**Data for the task**
# # #

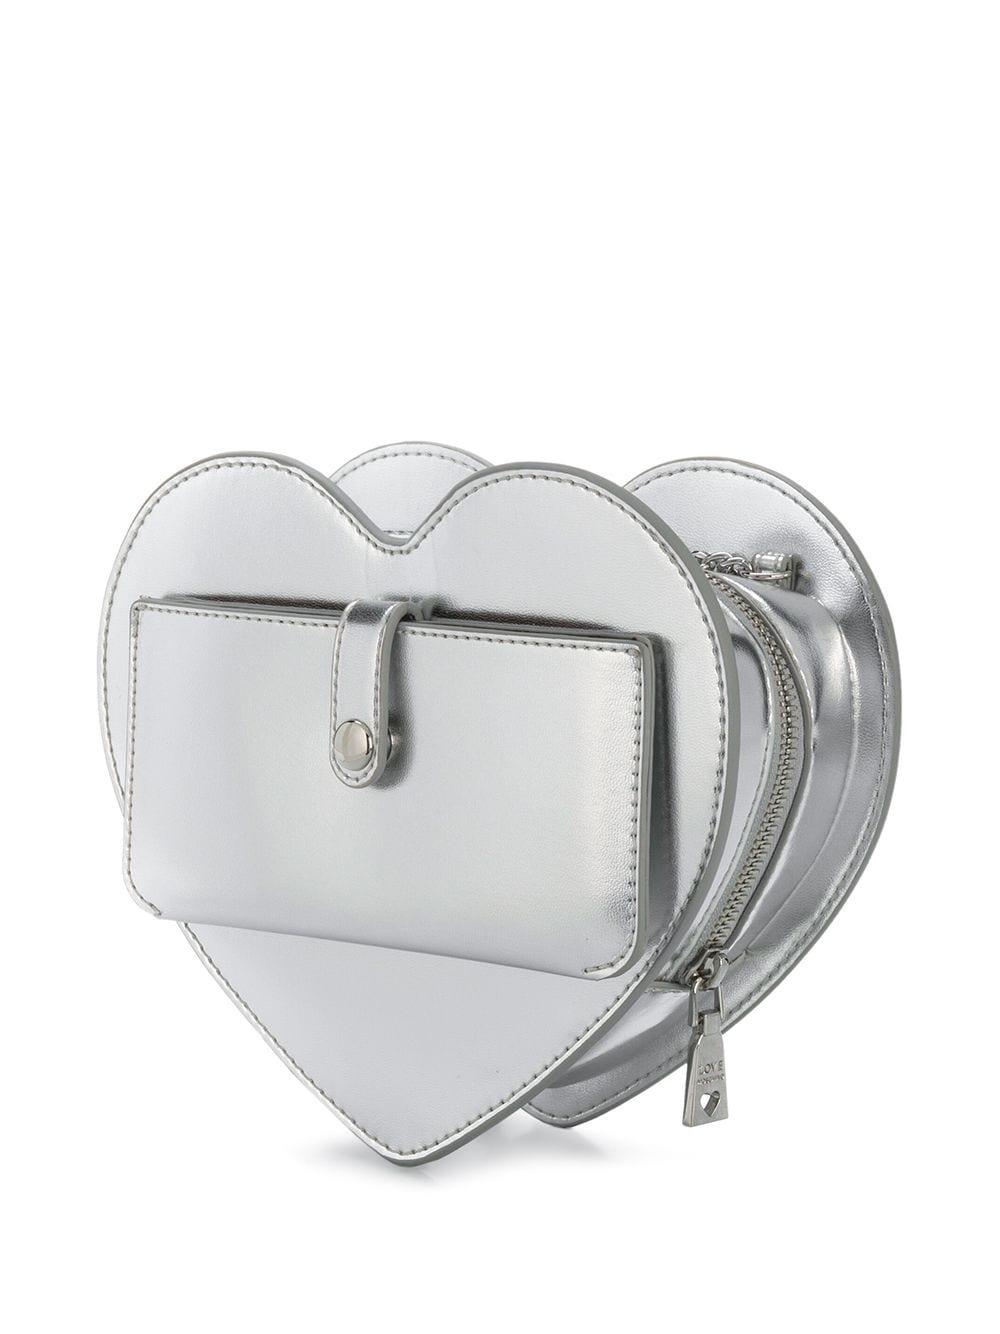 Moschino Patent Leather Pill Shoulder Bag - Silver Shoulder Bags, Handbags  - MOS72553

# # #

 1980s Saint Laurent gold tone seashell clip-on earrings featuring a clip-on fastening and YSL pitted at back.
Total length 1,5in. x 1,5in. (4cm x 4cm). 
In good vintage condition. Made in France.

# # #

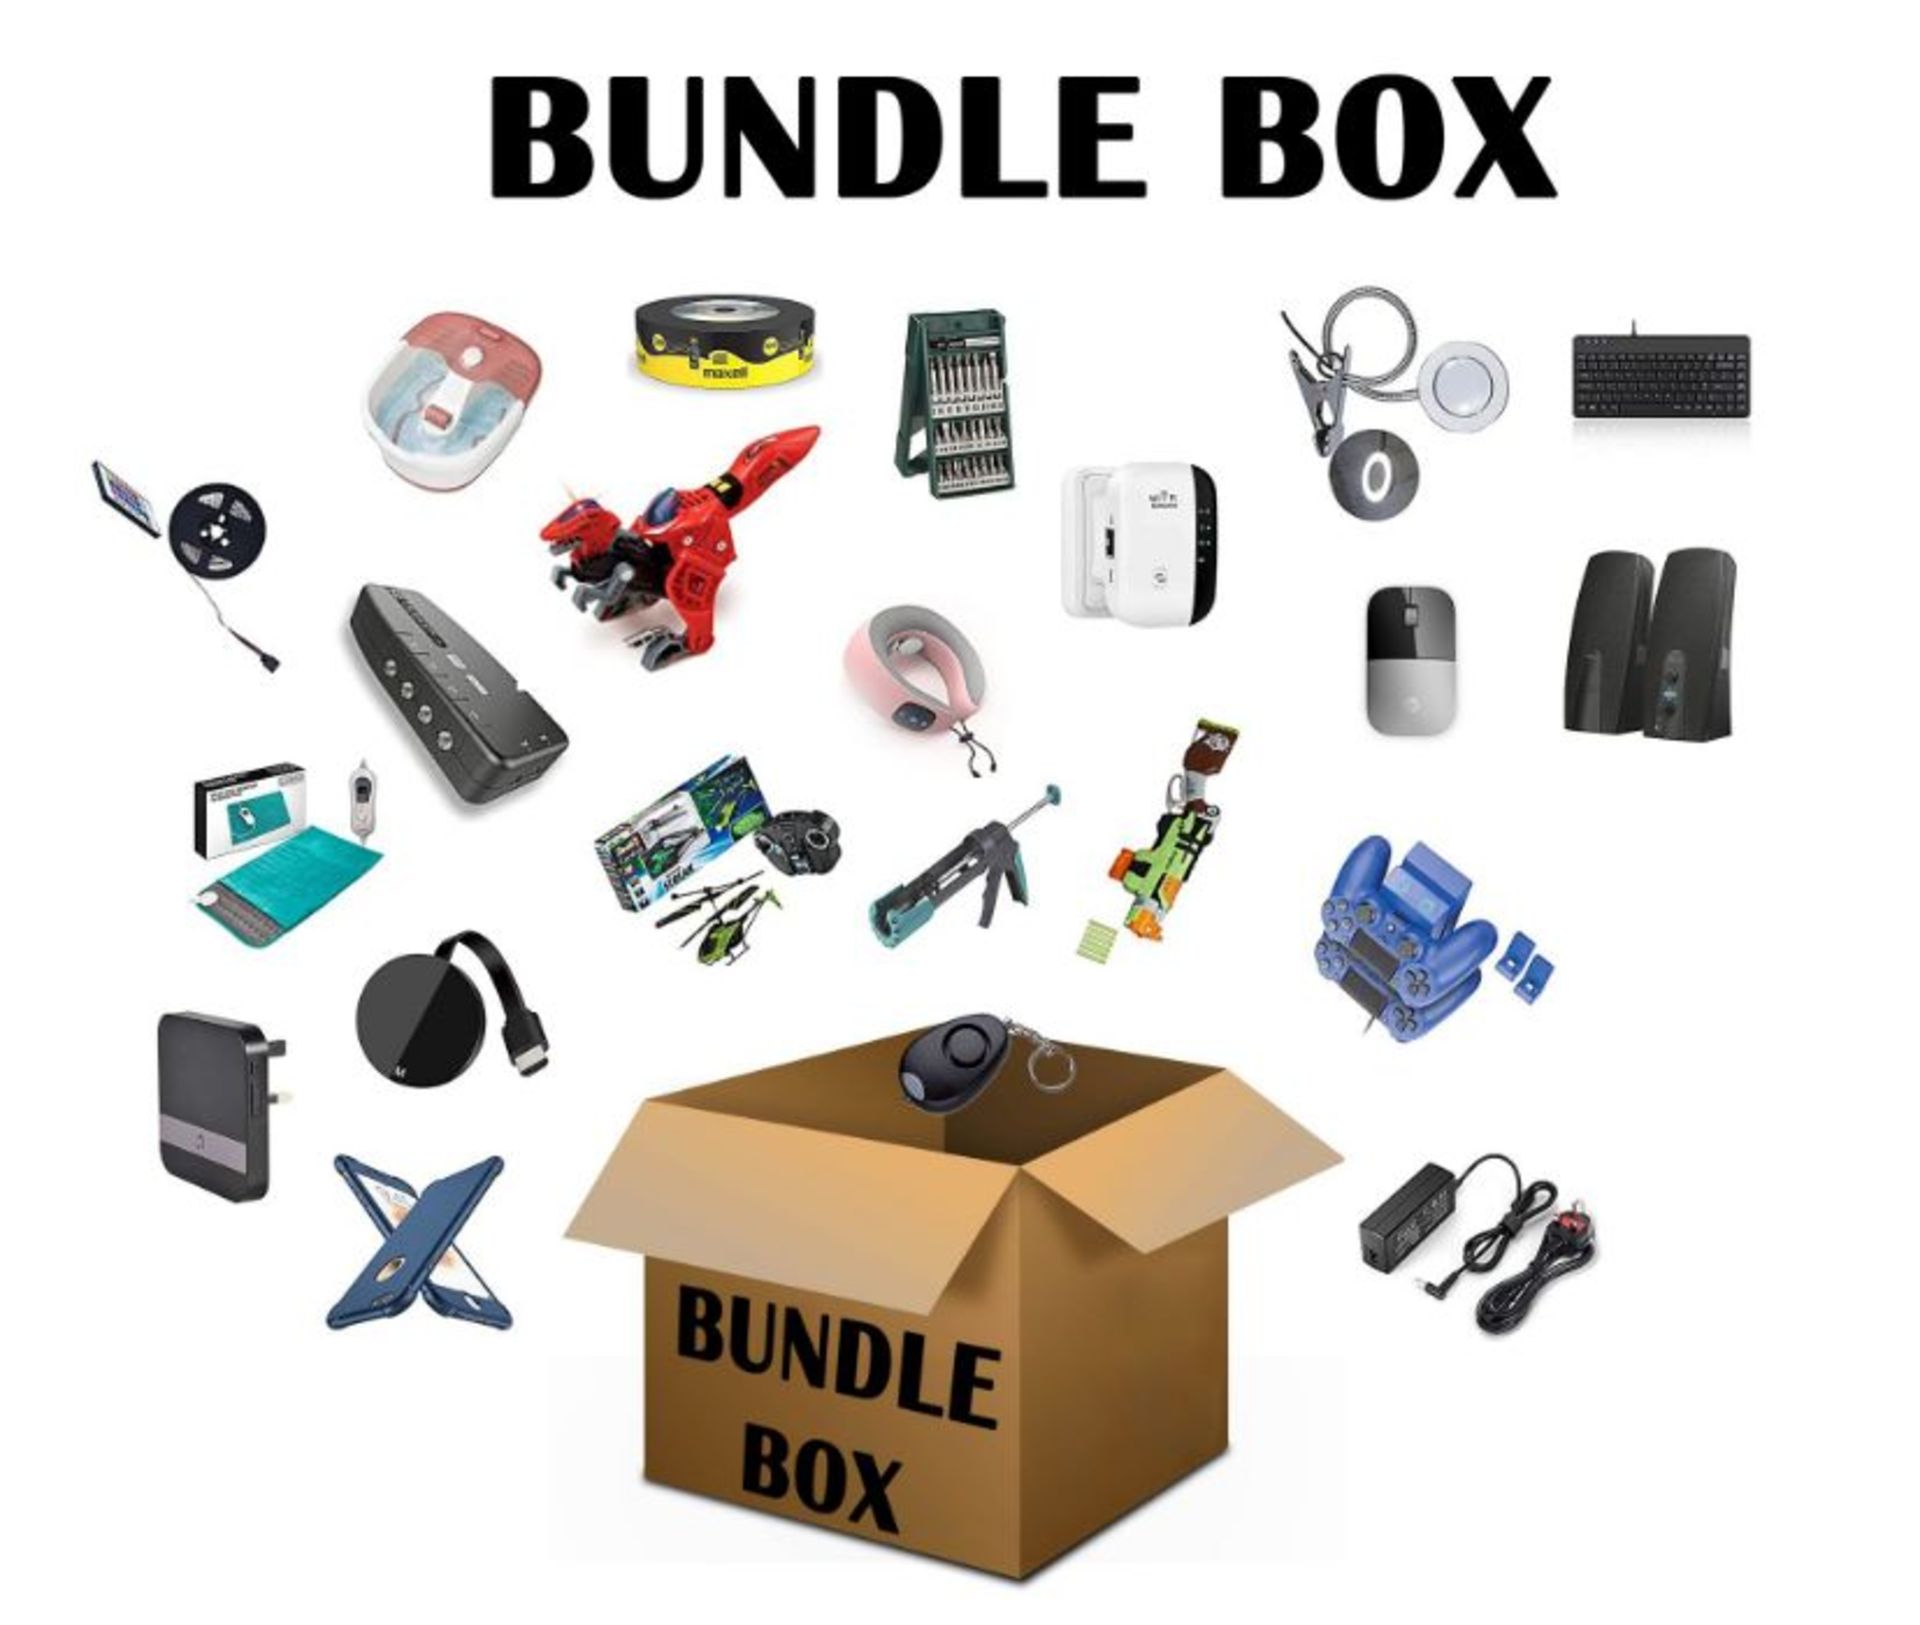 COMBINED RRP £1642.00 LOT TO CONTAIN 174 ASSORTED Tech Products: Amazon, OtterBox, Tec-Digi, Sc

# # #

What is needed is a verbatim copy of every line in the records above from the one containing "Total length 1,5in. x 1,5in. (4cm x 4cm)." down to the one containing "In good vintage condition. Made in France.", both included, and nothing more.

Total length 1,5in. x 1,5in. (4cm x 4cm). 
In good vintage condition. Made in France.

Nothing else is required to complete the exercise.